2) Ignoring the headers as bogus headers using the incorrect comparison.
We are not able to look into the parsing part, but we did some changes to
verify the behavior at identification part of bogus headers, probably not
appropriate changes.
Sample Data:
Below is the sample MIME Content that is extracted for an email from
PST by readpst utility
From: user_1
To: user_2
CC: user_3
where user_1, user_2 and user_3 are just usernames without email addresses
We would like to hear back as soon as possible.
Thank you
Sai Kalyan
Control: tags -1 + moreinfo Could you test version 0.6.75-1 from Debian bullseye? Could you attach your patch to the bug report? Could you provide some information about what ARC headers are? Please supply an example PST file that this problem occurs with.
Hi Paul, We already tried with version 0.6.75-1. Also compiled the latest code available and tried with it, still the same results. Please find the changes in the attached file. (readpst.c line no. : 1238) ARC headers are kind of email authentication headers. Authenticated Received Chain (ARC) creates a mechanism for individual Internet Mail Handlers to add their authentication assessment to a message's ordered set of handling results. For more details please refer the following rfc https://tools.ietf.org/html/rfc8617. For some security reasons we cannot share the original , we will once discuss and let you know, if possible we will try to share the inhouse sample pst. We will let you know about the PST in the next couple of days Meanwhile our observation is if the headers start with the following headers (Date, From, To, Content-Type, MIME-Version, Microsoft Mail Internet Headers, Received, Subject and some other headers) it is treated as bogus, this email is starting with some header which is not one of the listed. Thank you Sai Kalyan From: Paul Wise <pabs@debian.org> Sent: 06 March 2021 08:12 AM To: Surla, Sai Kalyan <SaiKalyan.Surla@arcserve.com>; 984581@bugs.debian.org Subject: Re: Bug#984581: pst-utils: Fails to extract email addresses for emails having ARC headers from PST file Control: tags -1 + moreinfo Could you test version 0.6.75-1 from Debian bullseye? Could you attach your patch to the bug report? Could you provide some information about what ARC headers are? Please supply an example PST file that this problem occurs with.

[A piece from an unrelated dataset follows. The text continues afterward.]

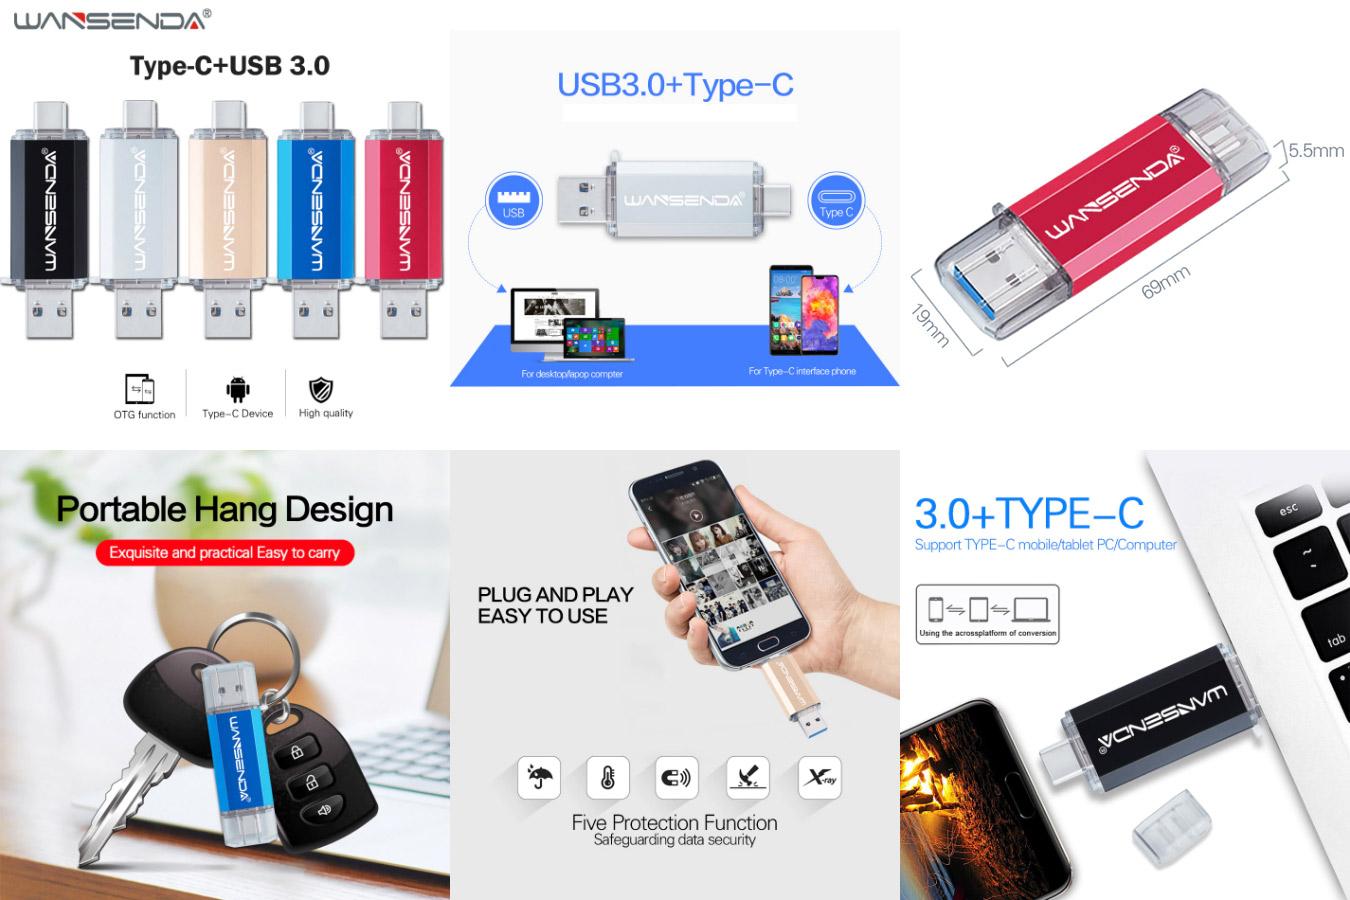 Флешка 2 в 1 для хранения данных WANSENDA OTG Flash drive

Control: found -1 0.6.75-1
Thanks, marking the bug as found in that version.
Thanks for testing this too.
It is traditional to provide changes in the patch format by using the
`diff -u` command or the corresponding commands from the version
control system that the upstream project is using.
Below is the output from the Mercurial diff for your change.
$ hg diff
diff -r 7200790e46ac src/readpst.c
--- a/src/readpst.c Tue Jun 16 17:18:28 2020 -0700
+++ b/src/readpst.c Mon Mar 08 09:20:50 2021 +0800
@@ -1235,7 +1235,7 @@
int header_match(char *header, char*field) {
int n = strlen(field);
- if (strncasecmp(header, field, n) == 0) return 1; // tag:{space}
+ if (strstr(header,field) != NULL || strncasecmp(header, field, n) == 0) return 1; // tag:{space}
if ((field[n-1] == ' ') && (strncasecmp(header, field, n-1) == 0)) {
char *crlftab = "\r\n\t";
DEBUG_INFO(("Possible wrapped header = %s\n", header));
I am fairly certain that this is not the correct fix for this issue.
Thanks for the info.
Understood.
That would be necessary to be able to fix the issue.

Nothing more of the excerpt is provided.